== WHAT THE TASK ASKS ==
In the material below, print every line exactly and omit the pictures.

== GIVEN INFORMATION ==
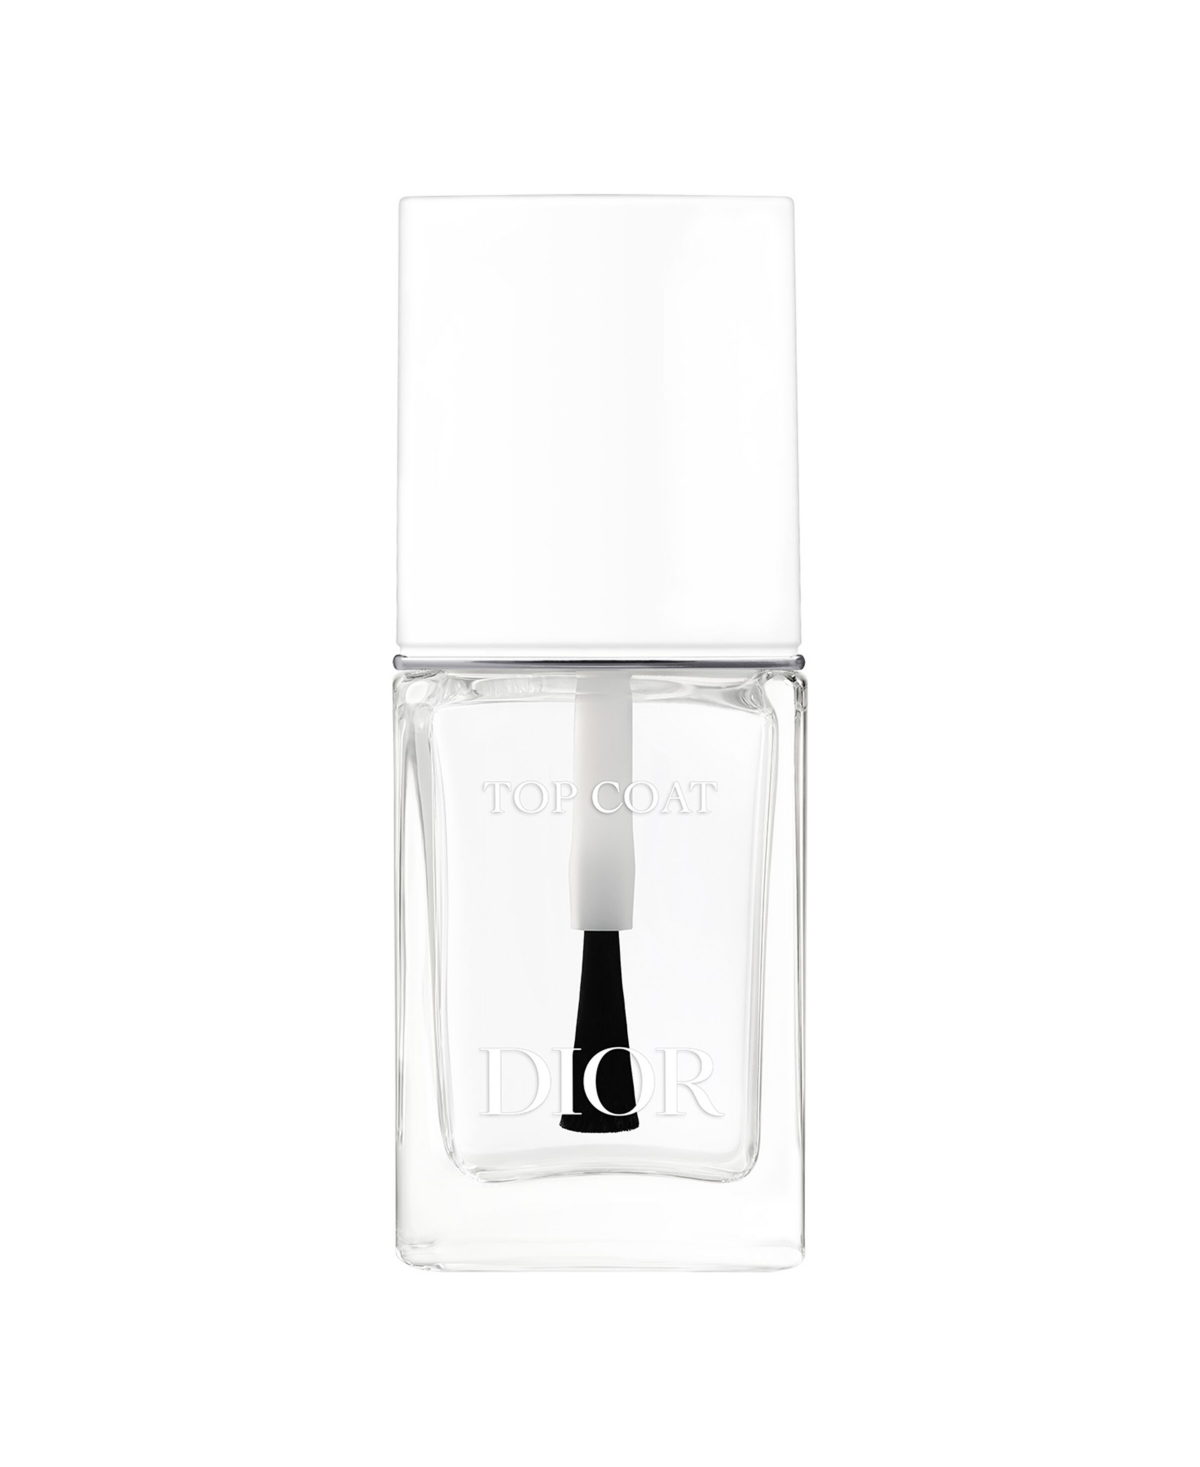 Dior Top Coat Ultra-fast-drying Setting Nail Lacquer In No Color
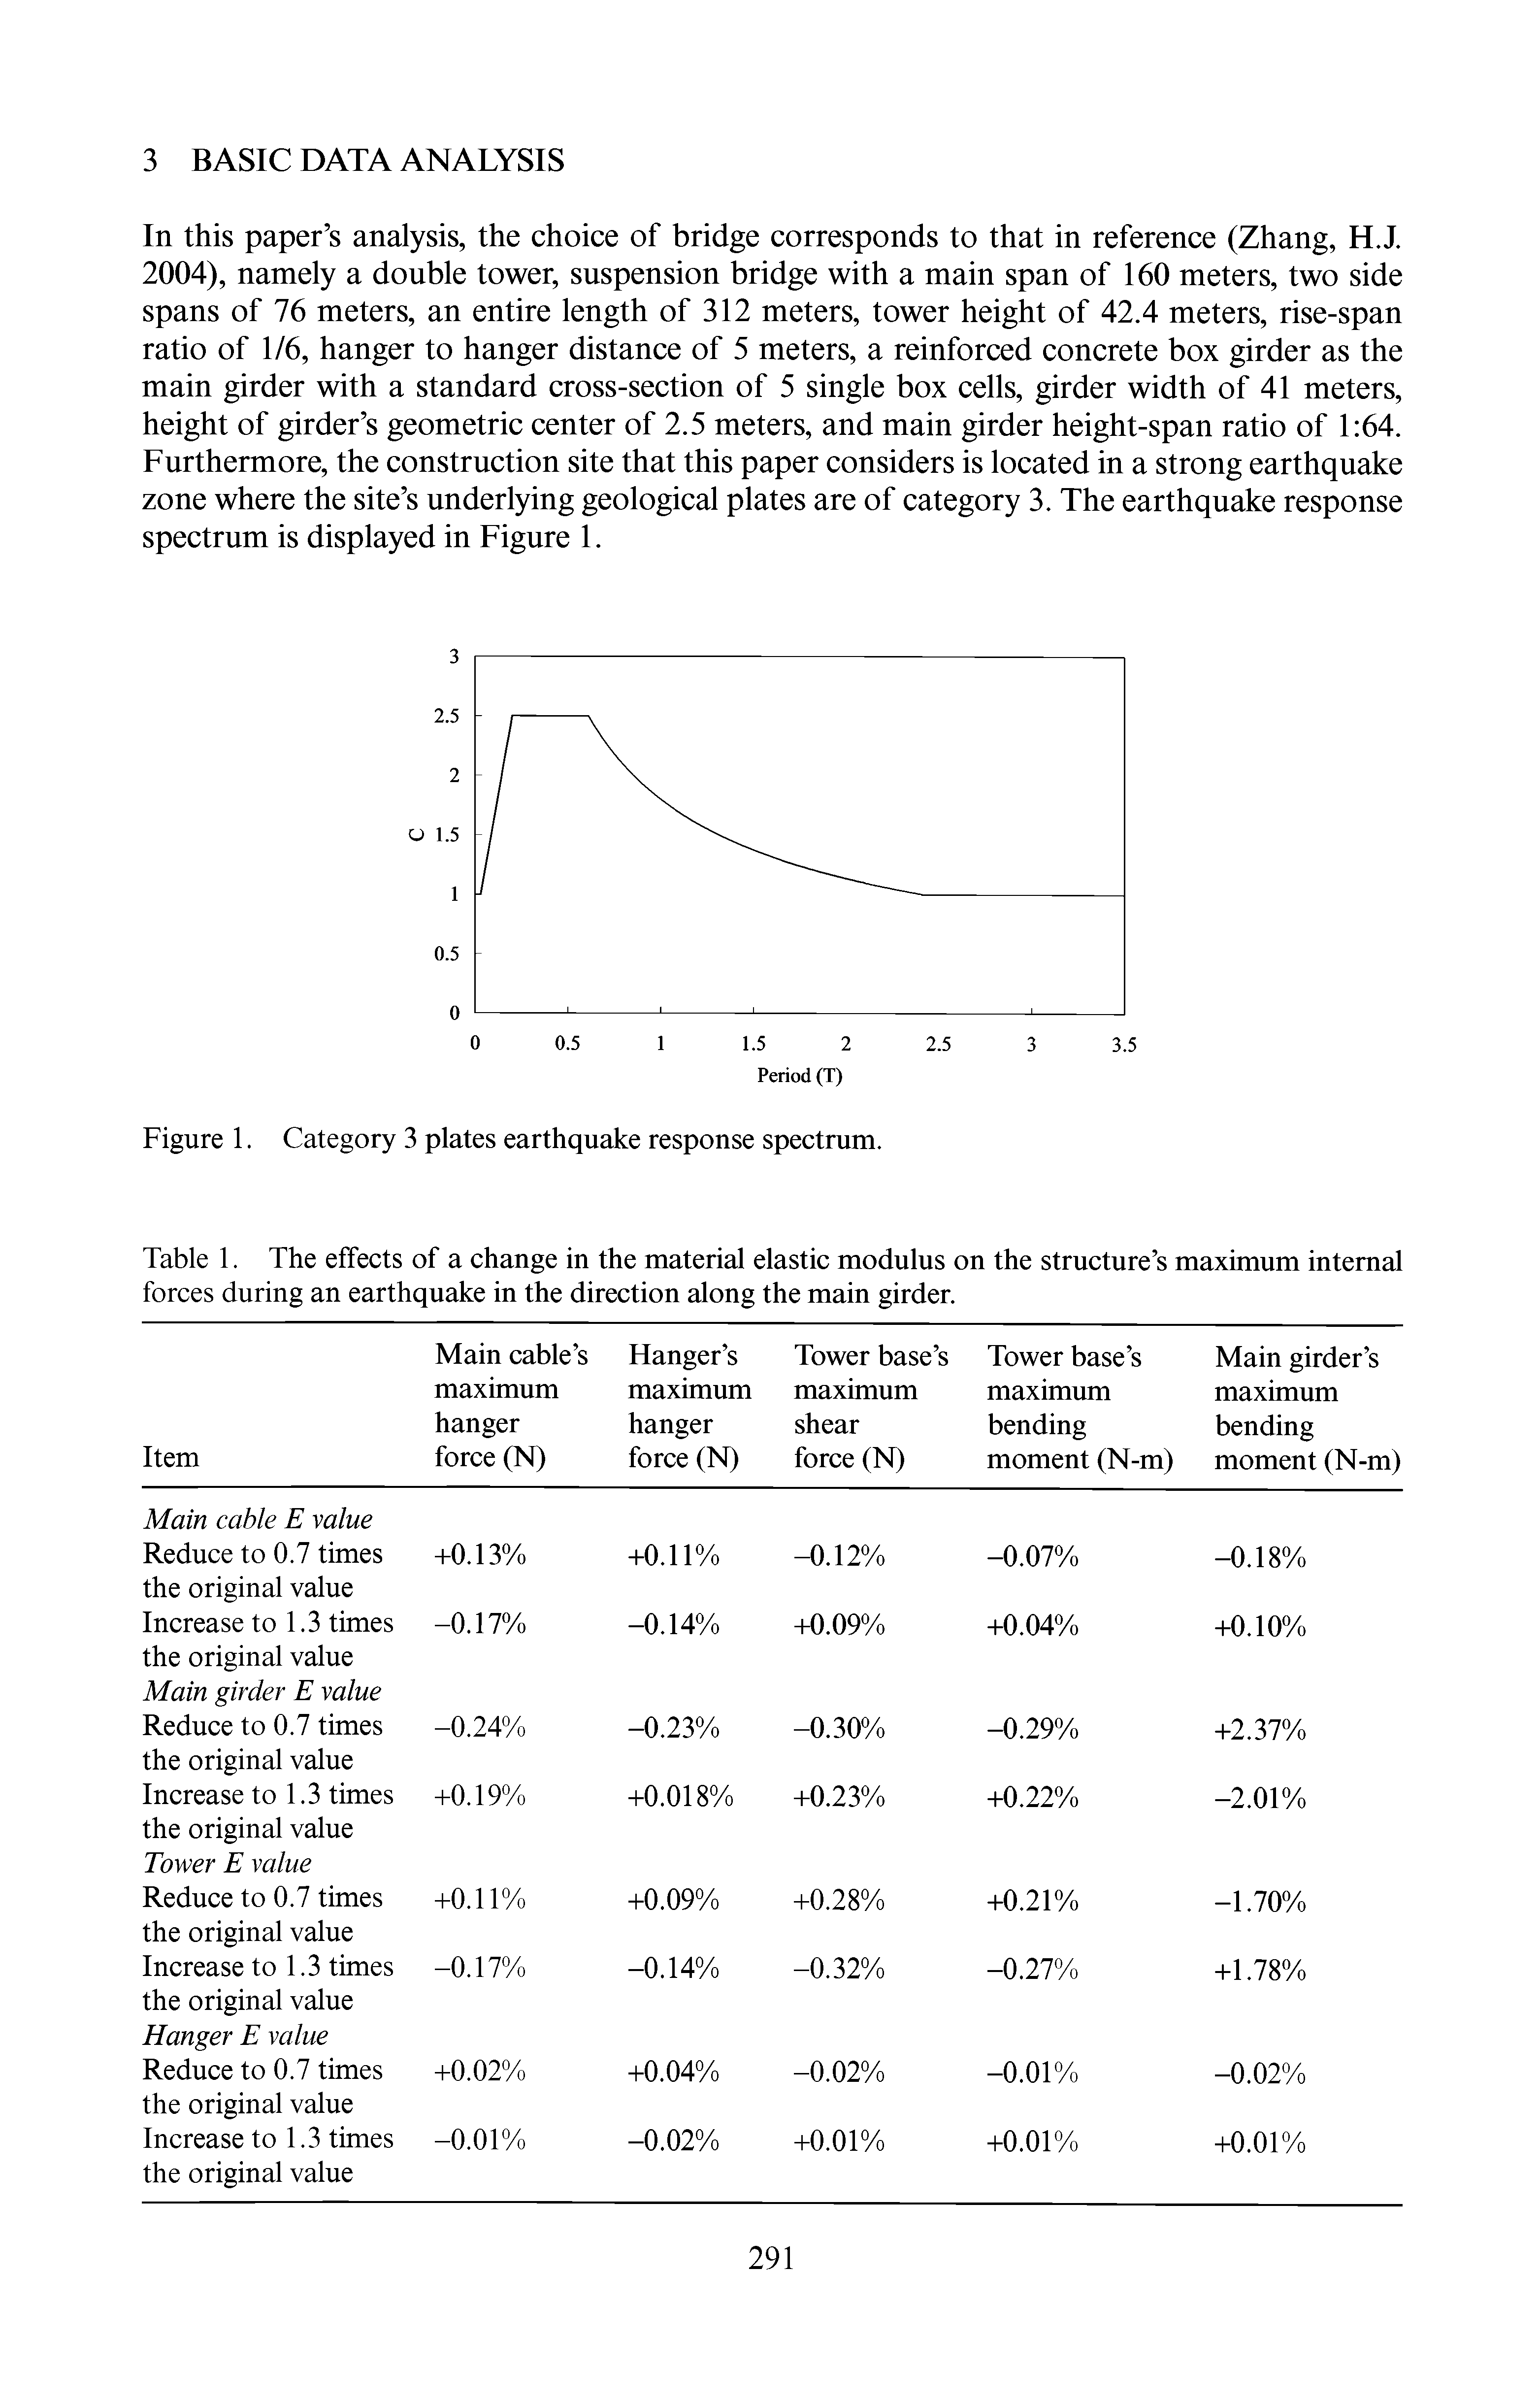 Table 1. The effects of a change in the material elastic modulus on the structure s maximum internal forces during an earthquake in the direction along the main girder.
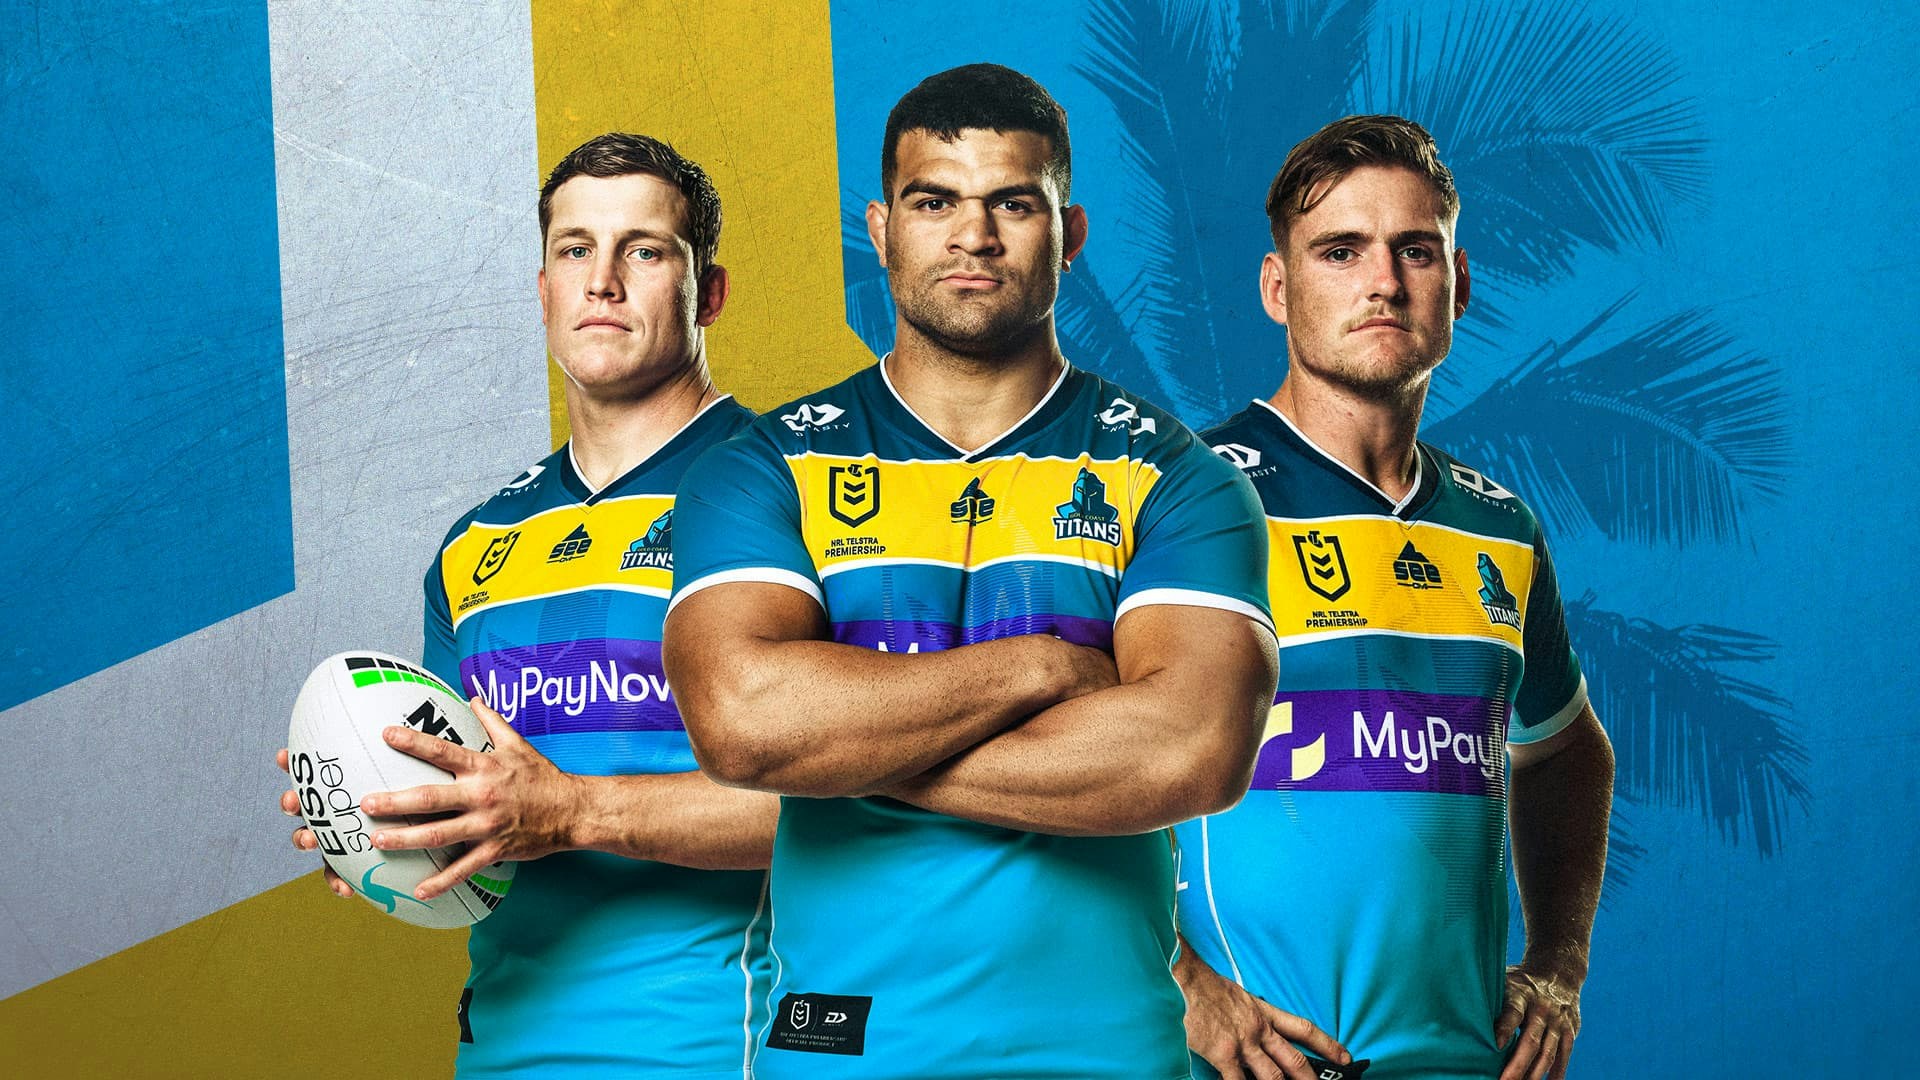 Gold Coast Titans showing the new brand

== ANSWER TO THIS EXERCISE ==
 Dior Top Coat Ultra-fast-drying Setting Nail Lacquer In No Color
 Table 1. The effects of a change in the material elastic modulus on the structure s maximum internal forces during an earthquake in the direction along the main girder.
 Gold Coast Titans showing the new brand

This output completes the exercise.